The hit man is gently mystified by the artist, and intrigued, too, somehow. Finally, he can’t fulfill the contract, and this is how the Danish website Philm.dk describes his plight (translation by InterTran): “However when ultimate Milo notices that bird, can be he no whang her to death; he enamored themselves that is to say to her. It is his first enamored, so by him is it a gash strong feeling.”

The two now must fend off the mob and make a getaway. This is done with suitable extravagance and humor. In the end, they’re floating down a river like something out of Mark Twain.

This film reportedly was not released in the U.S., but there is no doubt that Hopper is one of the finest directors going. It would appear, to look at it another way, that the nuances of Backtrack, even when clarified in the director’s cut, generally escaped notice and caused a reaction. This happens with such repugnant frequency nowadays as to be hardly worth a mention.

It really couldn’t be any more limpid, forthright and downright amusing. An isolation of ęsthetes vs. Philistines, in order to force the combination, alchemically. Result, a work of art.

 

The Hot Spot

A long joke like Johnny Carson shaggy-dogging Ralph Williams, in which a used-car salesman goes to hell.

This involves, as critics have noted, the elements of a film noir masterpiece in Hopper’s style, and something like An American Tragedy.

 

Chasers

Chasers is a service comedy about a sort of peacetime Navy where the CO has a corner office like the prow of a ship, etc. It’s made of images, mostly. A shore patrol van skidding up a Fiberglas volcano, a ship breaking the waves under a bridge. Two SP’s (Tom Berenger, William McNamara) have to transport a prisoner. One of them’s a tough guy, what’s known as a salt, and the other is a Navy scrounge, young with a future all carved out for himself. There’s a film right there with the two of them, but Chasers introduces a blonde, the prisoner. She’s young and pretty and wily as a cat. These two find all their resourcefulness strained to its limit.

So it’s The Last Detail and Girls at Sea, in a way. That way is brilliantly filmed on location in the Carolinas amongst the finely-variegated roadside glories that an Englishman finds so confusing, shallow and parvenu. That’s what the American dream is made of, and Chasers is all about what the American Navy and the American Woman are made of.

It now becomes necessary to deal once again with the critical response, which (even in the New York Times) amounted to a sputter of the lips in so many words. That is hard to account for, The Admiral Was a Lady is a bonny film, and Cinderella Liberty and so many others that Hopper has found a fresh-faced answer to. He really is an artist, and consciously so in this, which is even better and more assured than Backtrack.

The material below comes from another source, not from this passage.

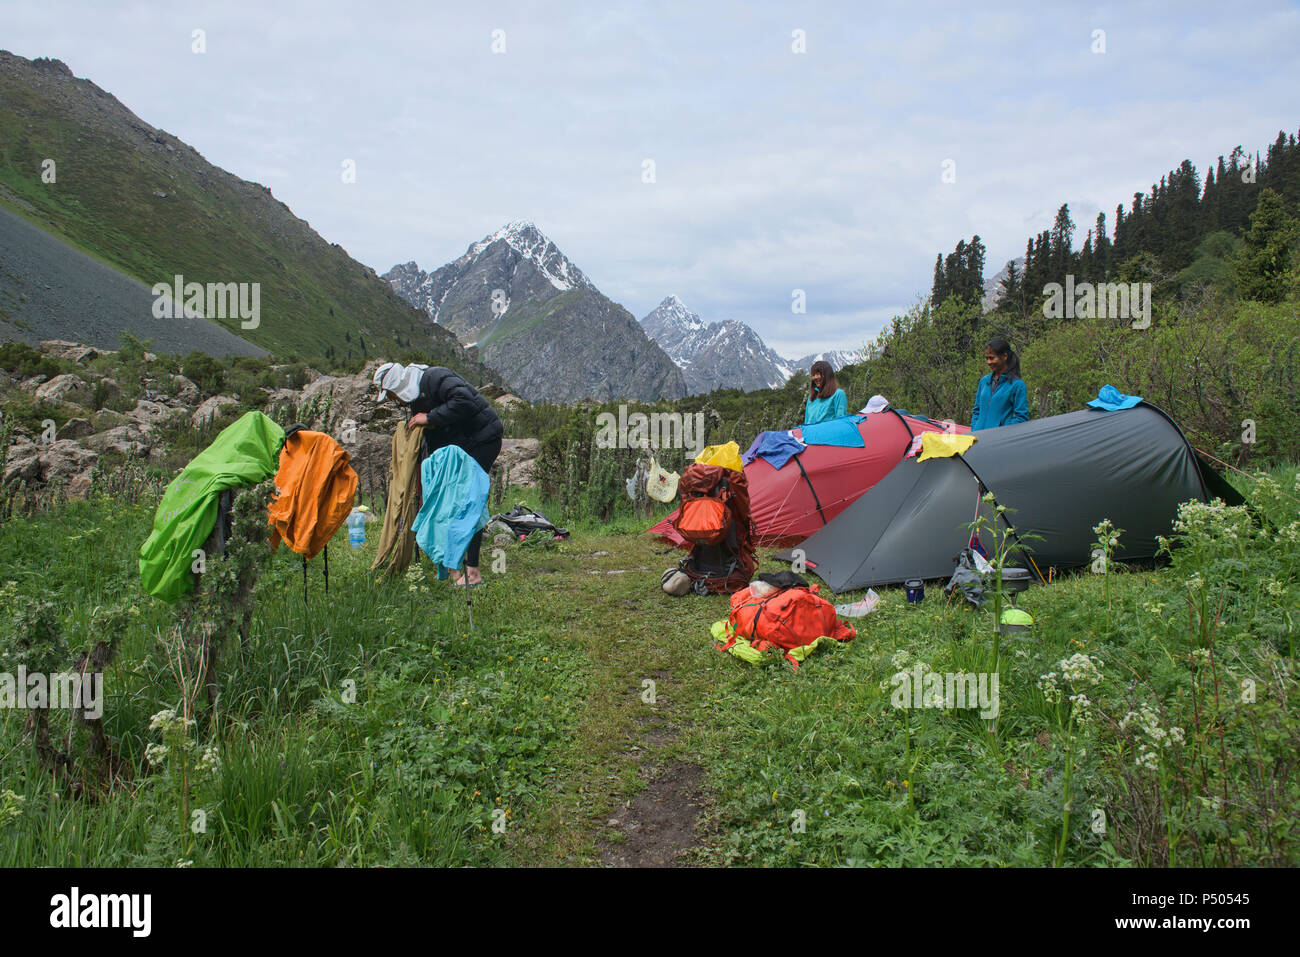 Bunte alpine Camp in den Tian Shan Gebirge, Karakol, Kirgisistan Stockbild

Acting in film is really a director’s art. If you want to act, go on the stage or get yourself a good film director. Erika Eleniak is the great joy here she ought to be. Berenger and McNamara are allowed to play their parts out to dimensions suiting them, and then there is the supporting cast, which even the critics noticed.

There’s no accounting for taste, but focus groups do their utmost. Someone might have acknowledged all the brilliance of this cinematography. It’s a very rare thing to find any understanding at all of color photography, Harry Callahan has it, the Los Angeles County Museum of Art hasn’t. Chasers is a glory and an amusement to watch, after you’ve sat up in bed reading the idiots in your newspaper, who call themselves film critics.